◆ THE PROBLEM: Reproduce precisely the lines of the listing below, starting with the line that contains "AMUCHINA GEL ALOE 80 ML + MASCHERINA FFP2" and stopping after the line that contains "DCSL Arrack Image"; include nothing else.

◆ AVAILABLE DATA:
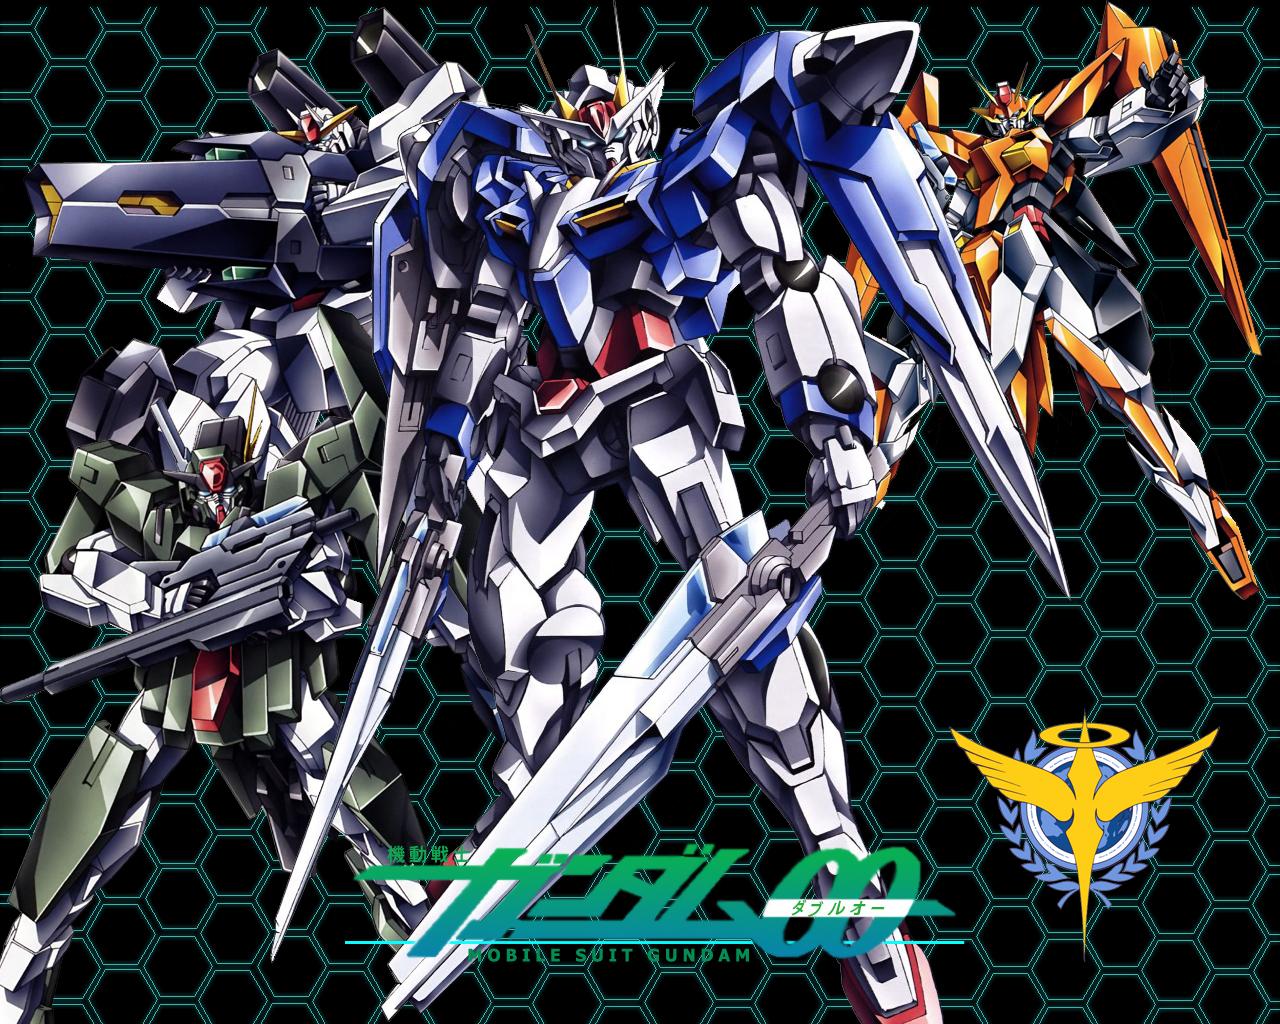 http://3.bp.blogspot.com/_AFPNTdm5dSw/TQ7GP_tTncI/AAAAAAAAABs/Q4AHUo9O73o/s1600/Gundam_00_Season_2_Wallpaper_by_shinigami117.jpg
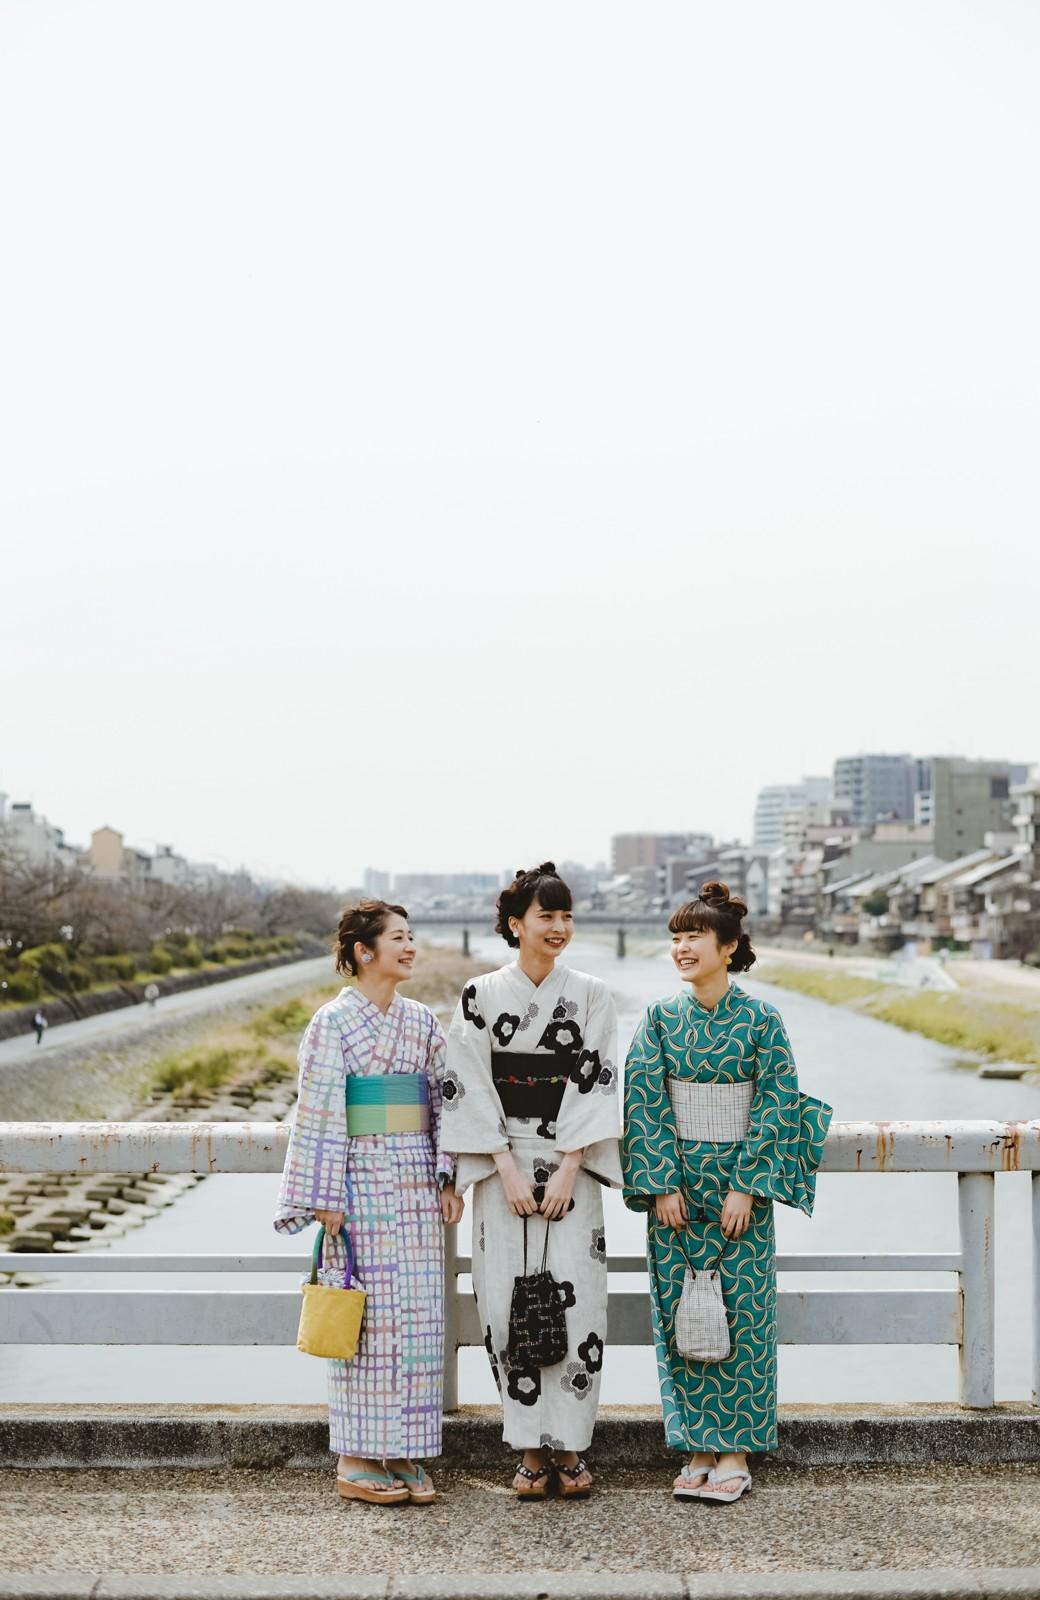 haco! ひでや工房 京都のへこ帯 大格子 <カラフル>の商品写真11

...

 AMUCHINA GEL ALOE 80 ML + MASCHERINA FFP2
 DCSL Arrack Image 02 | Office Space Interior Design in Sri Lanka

* * *

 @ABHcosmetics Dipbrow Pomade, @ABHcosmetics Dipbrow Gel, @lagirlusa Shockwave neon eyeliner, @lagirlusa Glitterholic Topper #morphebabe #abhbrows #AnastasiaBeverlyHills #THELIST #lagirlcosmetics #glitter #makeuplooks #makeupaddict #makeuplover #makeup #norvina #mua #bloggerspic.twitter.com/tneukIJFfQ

◆ EXERCISE RESULT:
 AMUCHINA GEL ALOE 80 ML + MASCHERINA FFP2
 DCSL Arrack Image 02 | Office Space Interior Design in Sri Lanka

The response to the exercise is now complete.